I noted most students explained
their fraction’s distance from the target verbally with no use of
graphics. The class was split about
half and half over use of a linear graphic model versus an area graphic model
for visual justifications when comparing the quantities. (Both had been used in prior
instruction.) If the fractions were
only one fraction unit away from the target, most students justified their
comparisons verbally by referring to the relative size of pieces when you cut
the whole.
As I circulated in the
classroom, it became apparent that virtually all the students understood
distance to the target. By listening to
student dialogues, I was able to pick out students who had trouble comparing
the fractions.

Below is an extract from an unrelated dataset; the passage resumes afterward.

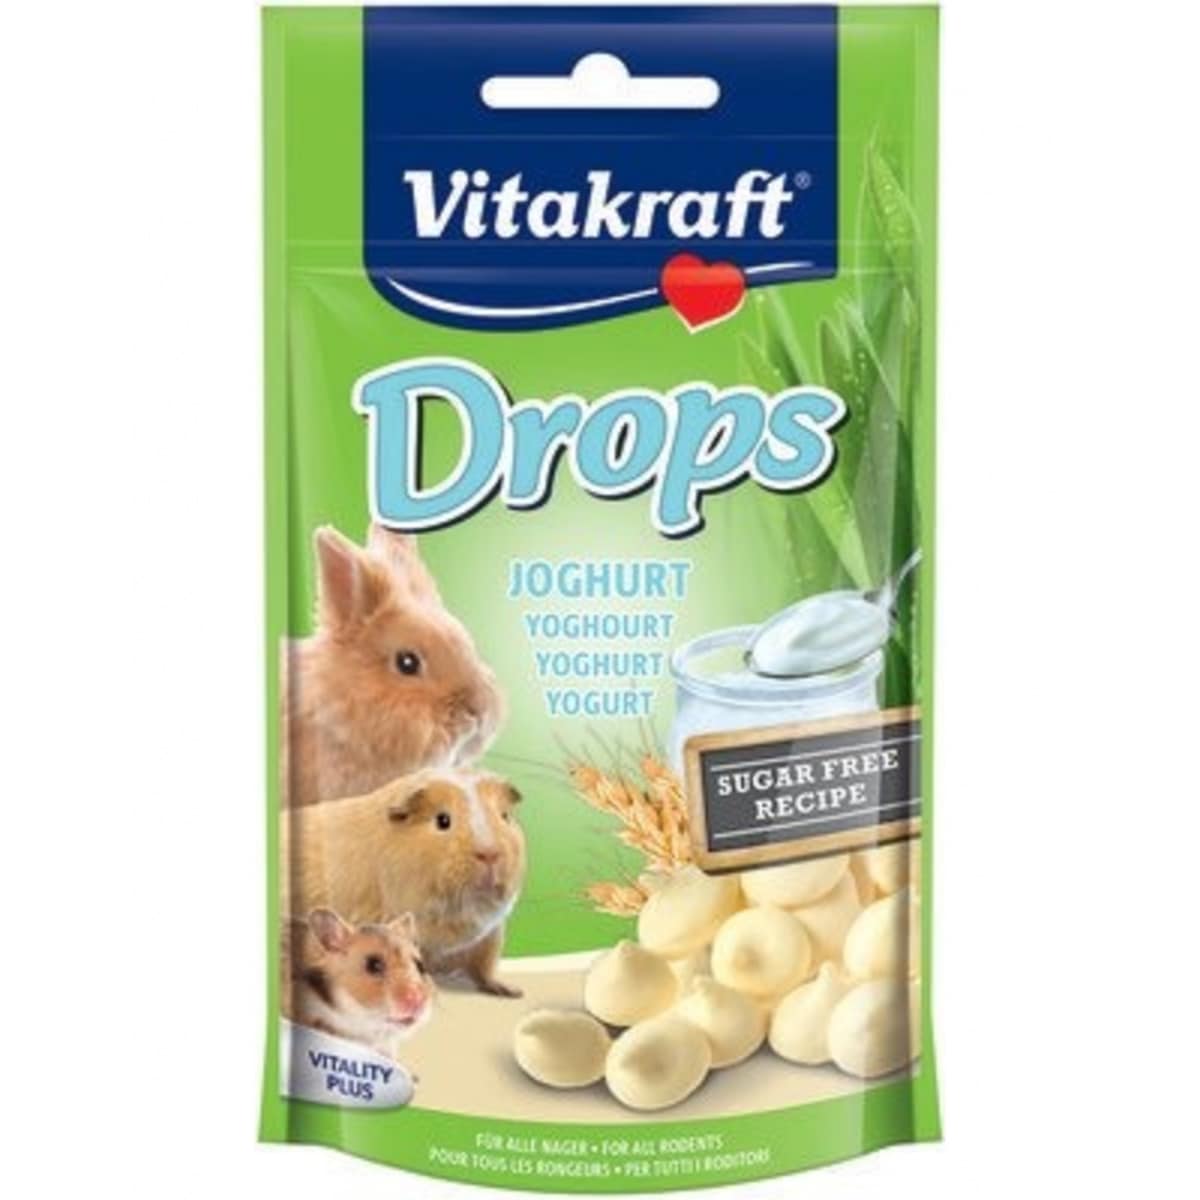 Vitakraft Small Animal Drops 75g - Yoghurt Main Image

I had paired the
students so as to place individuals who needed more instruction with partners
who could help them as they played (although nothing was said about the
arrangement). I did not forbid the use
of cross-products for comparing fractions, but several of the students had
demonstrated a lack of understanding in how that method works. Because the verbal explanations had to
include a graphic representation and satisfy the opponent before a point could
be awarded, peer clarification of the concept took place several times. By the end of the game I heard at least two
students comment about “now I get it” in reference to cross-product
comparisons.
_4_ Was the purpose of the activity clear to me?
_3_ Was the purpose of the activity clear to my students?
_4_ Did the activity support a range of learning styles?
_3_ Were the students engaged during this activity?
_14_ Total points (out of 16)
The purpose (objective) of the activity was…
I communicated to the students why we were doing the activity by…
…telling them at the beginning
we were going to play a game to practice thinking about fractions and how they
compare to each other. I told them I
would be listening to their explanations in order to assess what further work
we might need to do.
The part of the lesson that was student-centered was…
…the actual playing of the game. Students must listen to each other rather than to a teacher’s explanation and must assess each other’s work. The verbal explanations must be clear enough for a peer to understand.